In this study, we explored the possibility that, in contrast to LTP in deep brain structures such as the hippocampus, LTP of synapses in the neocortex may be observable as changes in amplitude of event-related potentials recorded from the scalp of adult humans. Further, we investigated whether it was possible to induce LTP non-invasively by rapid presentation of visual stimuli. LTP of potentials evoked by external sensory stimuli has been demonstrated in the visual cortex of rats (Heynen & Bear, 2001). In that study, the potentiating stimulus was invasive electrical stimulation of visual pathways but this resulted in LTP of visual potentials evoked by natural visual stimuli. Repetitive visual sensory stimulation itself has been shown to result in LTP in the visual system of the developing tadpole (Zhang et al., 2000).

Materials and methods


Six right-handed males (aged 23–38 years) participated in the present study. All subjects had normal or corrected to normal vision. Informed consent was obtained from each participant. All procedures were approved by the University of Auckland Human Subjects Ethics Committee.

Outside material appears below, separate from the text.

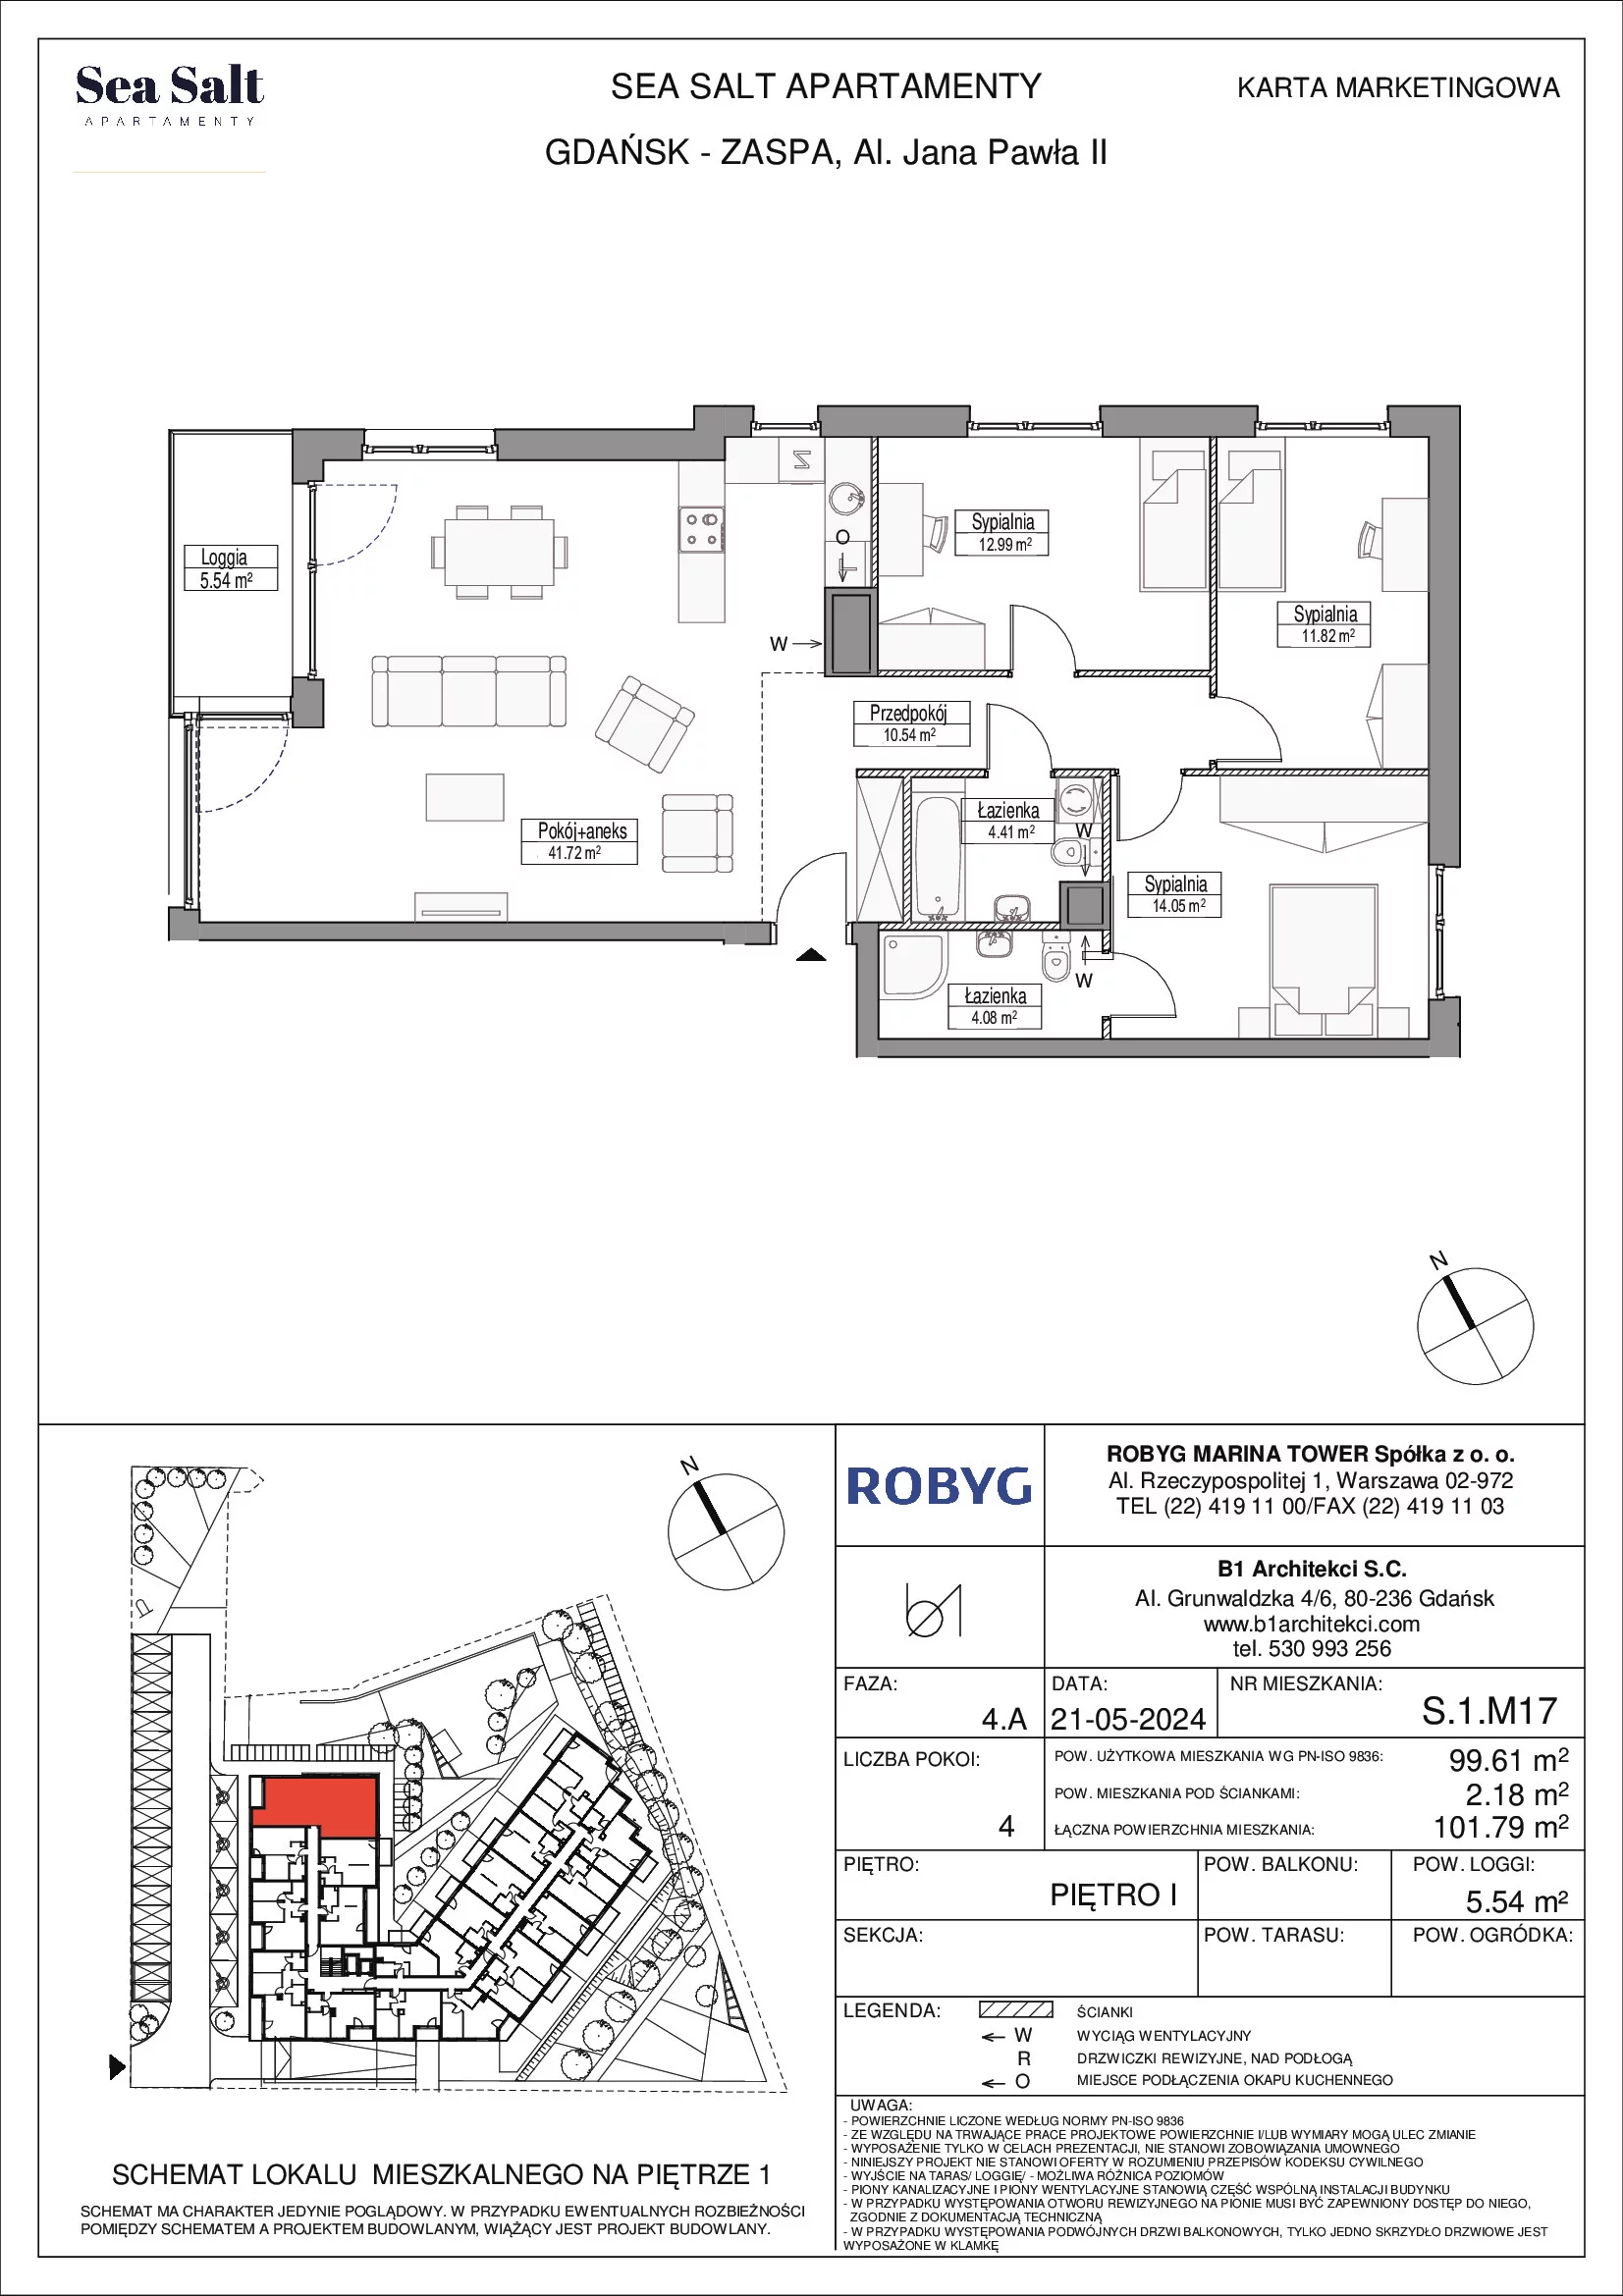 Mieszkanie 99,61 m², piętro 1, oferta nr S.1M17, Sea Salt, Gdańsk, Zaspa, Al. Jana Pawła II 20

Electroencephalography (EEG) recordings were carried out in an electrically shielded room using 128-channel Ag/AgCl electrode nets (Electrical Geodesics Inc., Eugene, OR, USA) (Tucker, 1993). EEG was recorded continuously (250 Hz sampling rate; 0.1–100 Hz analogue bandpass) with amplifiers (200 MΩ input impedance; Electrical Geodesics Inc.). Electrode impedances were kept below 30 kΩ, an acceptable level for this system (Ferree et al., 2001). A common vertex (Cz) reference was used in the EEG acquisition.


Visual stimuli consisted of checkerboards presented to the right or left visual field (see Fig. 1C). The stimuli subtended 4° of visual angle from the vertical and horizontal midline (check size subtended 0.3° of visual angle). The stimuli were presented on a computer monitor (15-inch flat-screen SVGA monitor with a resolution of 640 × 480 pixels) 57 cm from the subjects and checkerboard luminance was under experimental control. Checkerboards were generated by custom software on a Pentium II/200 computer. TTL pulses generated via the parallel port of the display computer provided synchronization of stimulus events with EEG acquisition.

Fig. 1
(A) Pre- and post-tetanus average evoked potentials recorded over the occipital cortex contralateral to the visual stimulus. (B) An independent components analysis identified five components of the visual evoked response (VEP) to checkerboard stimuli. ...

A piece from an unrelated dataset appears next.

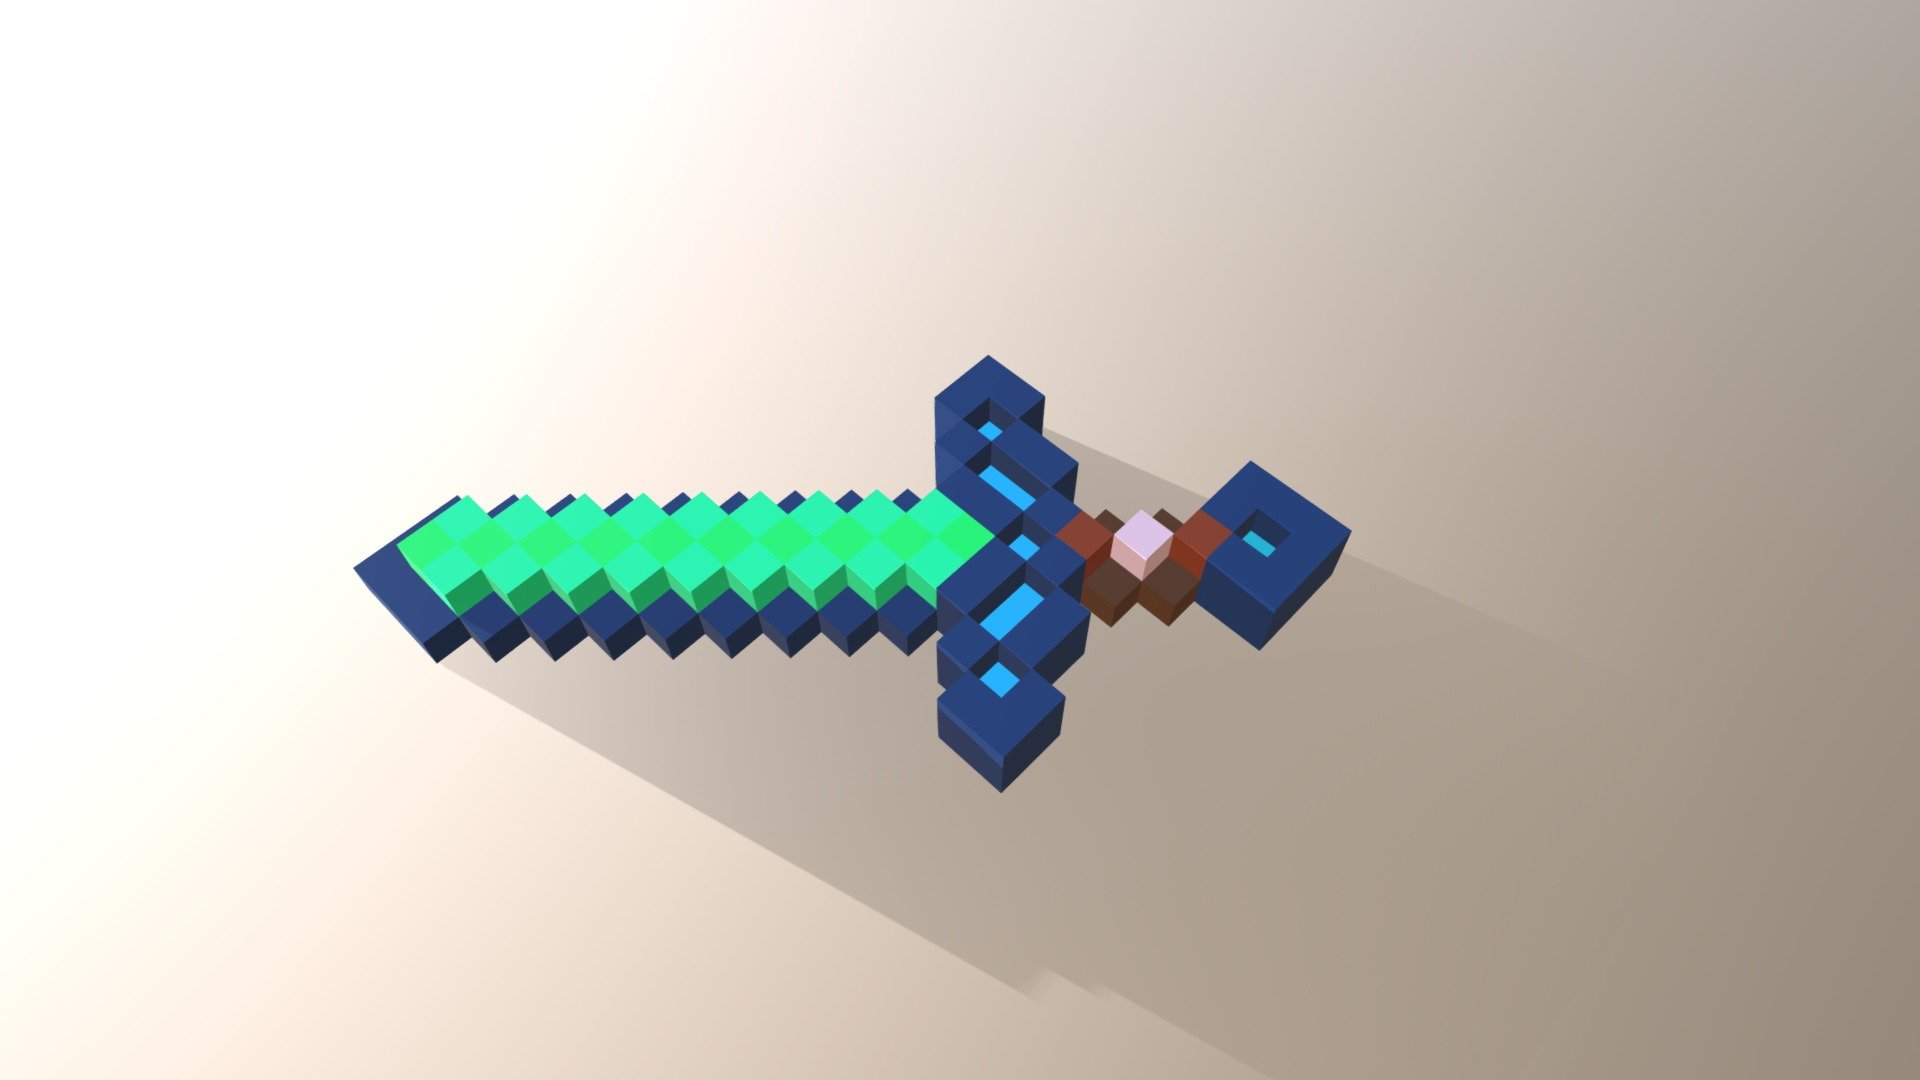 Красивый меч майнкрафт. Алмазный меч. Алмазный меч из МАЙНКРАФТА. Алмаз майнкрафт. Minecraft Стив с алмазным мечом.

Subjects were required to fixate on a red circular dot in the centre of the screen during data collection. During the baseline period, the checkerboards were presented at an average rate of approximately 1 Hz (stimulus-onset-asynchrony (SOA) range 950–1120 ms, duration 33 ms). A test frequency of 1 Hz was believed to be low enough not to have a physiological effect and not so long as to unnecessarily prolong the test blocks (see Discussion). The order of stimulus presentation was random, with the constraint that 50% of the checkerboards were presented to the left visual field with the other half presented to the right visual field. Baseline testing consisted of 420 presentations within a block (7 min). In the photic tetanus condition, subjects were again required to maintain fixation while the same checkerboard stimulus was presented at a frequency of 9 Hz to either the left or right visual field for 120 s (1000 presentations). A tetanic-stimulation frequency of 9 Hz was chosen as it is a relatively high flicker rate but below perceptual fusion rate. Subsequently, subjects were given a 2-min period with their eyes closed to allow any visual after-effects to disappear. After this block of tetanic stimulation, visual evoked potentials (VEPs) were again collected at the baseline presentation rate at intervals of 15 min. Thus, test blocks were collected at 2–9, 15–21, 30–37 and 45–52 min after the end of the tetanic stimulation.

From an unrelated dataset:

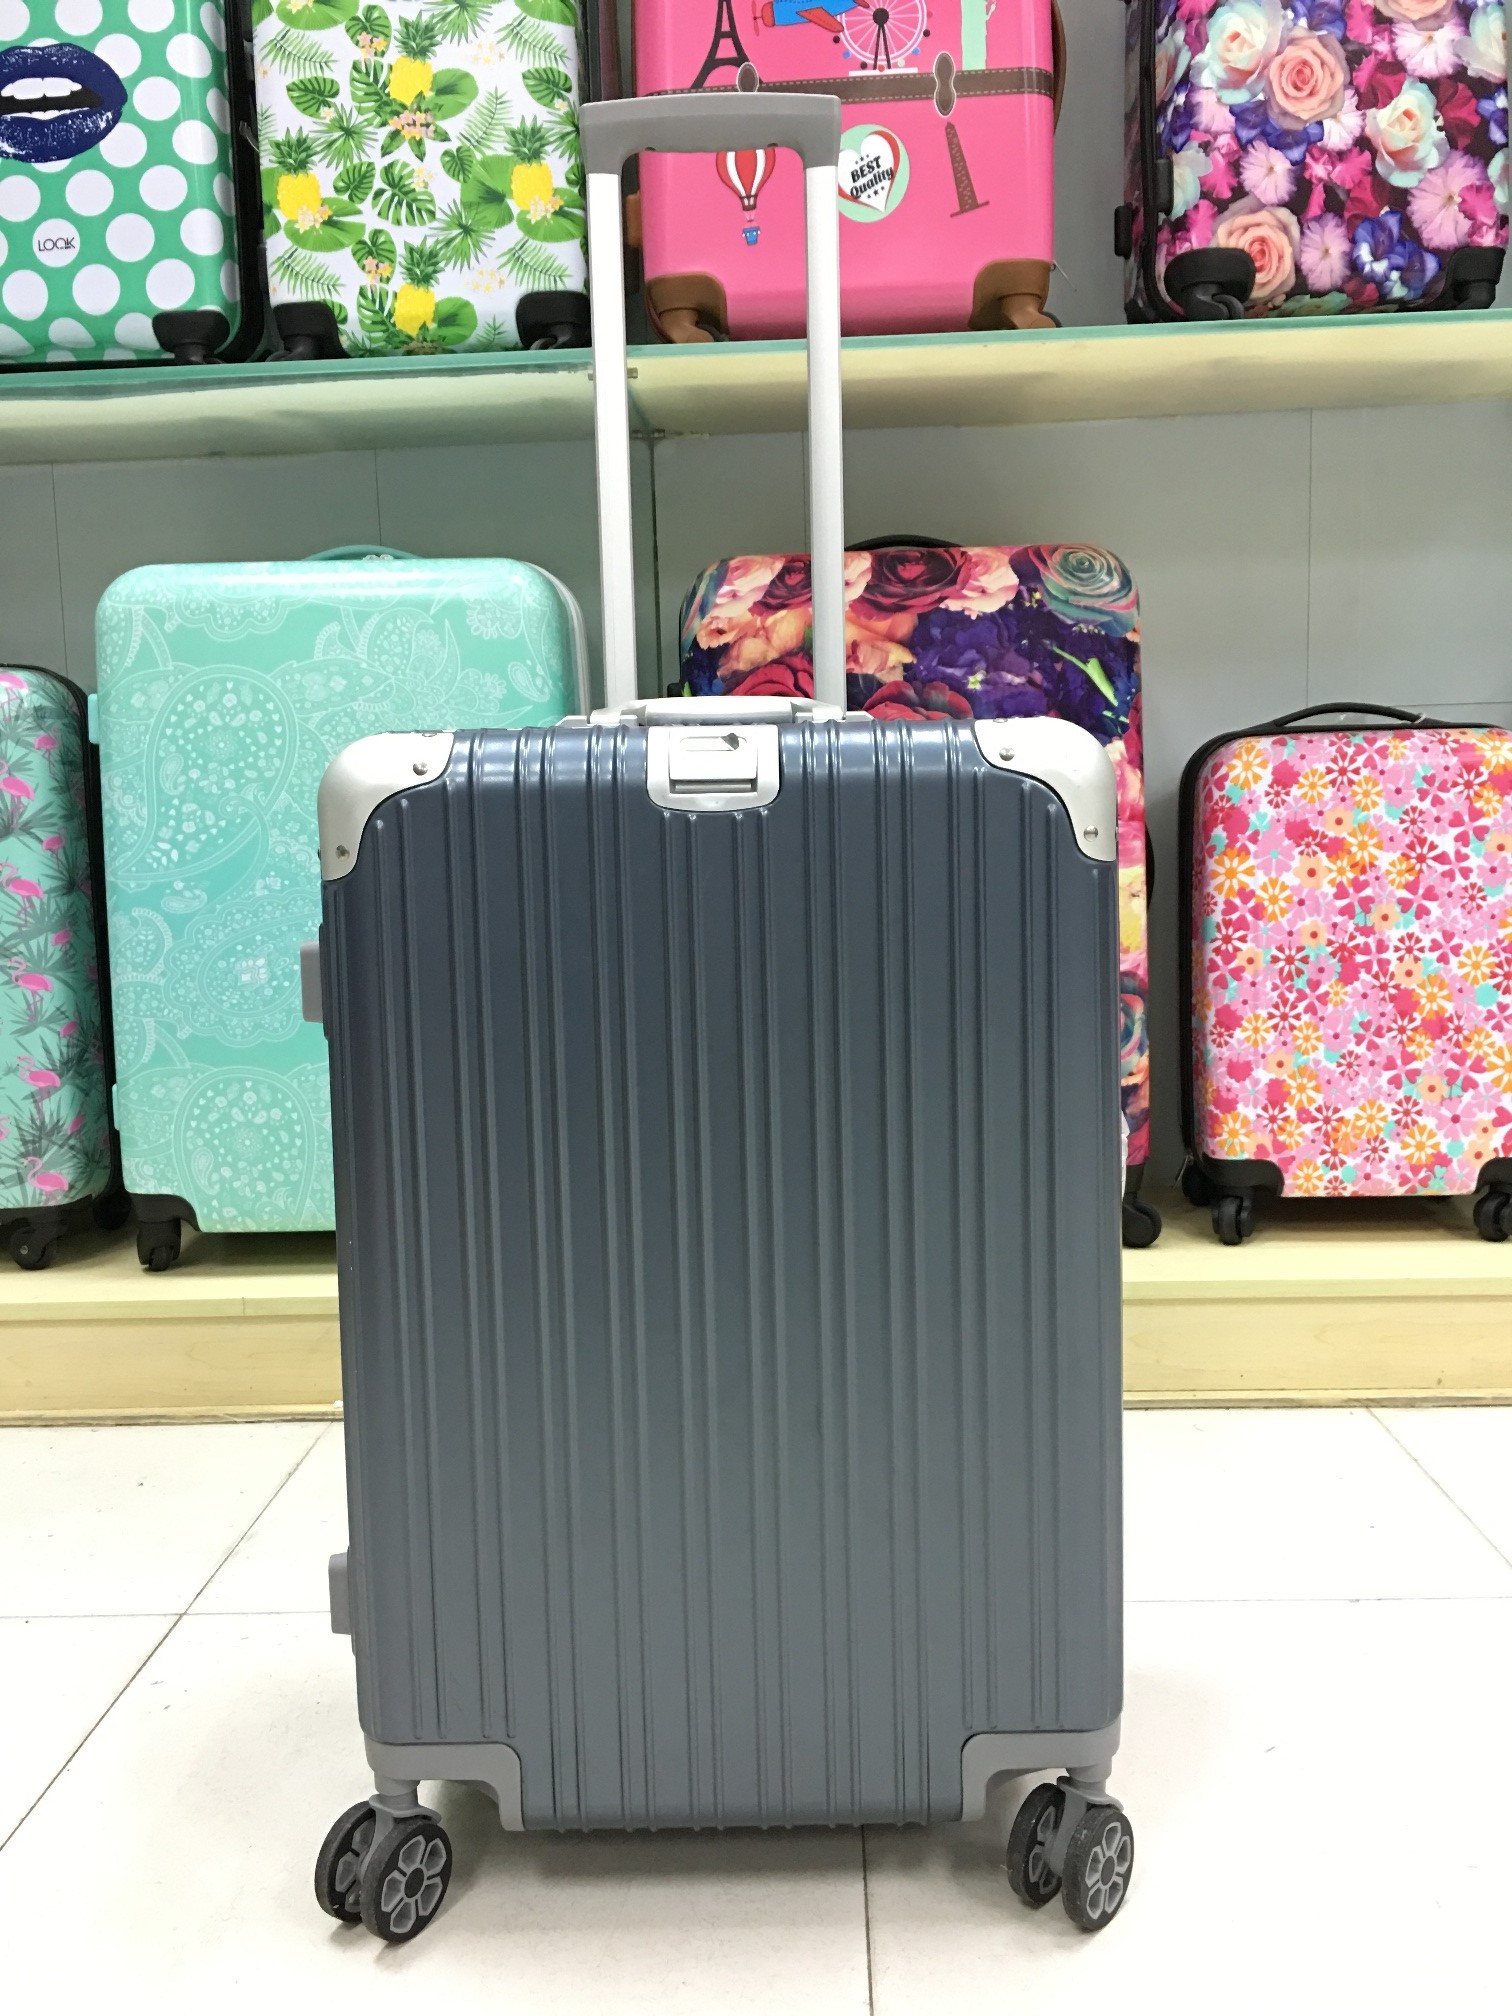 yanteng mens luggage with aluminium frame style

Three separate testing sessions per subject were conducted, with a minimum of 3 days between sessions. In each session subjects were exposed to one of three conditions. In two conditions the subjects were presented with the photic tetanus to either the right or left visual field. In the third condition the photic tetanus was omitted and subjects fixated on the red dot for 2 min. Experimental condition (left/right/control) was counterbalanced across subjects.


After completion of data collection, EEG files were segmented with respect to event markers into 600-ms epochs (including a 100-ms pre-stimulus baseline). Ocular artefacts were removed from individual trial epochs using procedures from Gratton (1998). Any trials that had horizontal or vertical eye movement (fixation errors) were rejected and were not included in the averaging process.

The VEPs from individual subjects were combined to produce grand-averaged VEPs for each condition. These VEPs were then re-referenced to an average reference for all analysis. The VEPs were subjected to independent component analysis (ICA; Makeig et al., 1999) to help to identify the components underlying the evoked potential complex. ICAs were used to help to identify the time-points of interest, while the amplitude calculations were performed on the raw VEP.

The four electrodes at the location of the peak amplitude of the ICA components were then selected for further analysis. Mean amplitudes were calculated from the individual grand average VEPs at these electrode locations. As many of the components of the VEP are lateralized, based upon the field of simulation, this results in an average of eight electrodes. For example, the P100 is left lateralized with right field stimulation and right lateralized for left field stimulation.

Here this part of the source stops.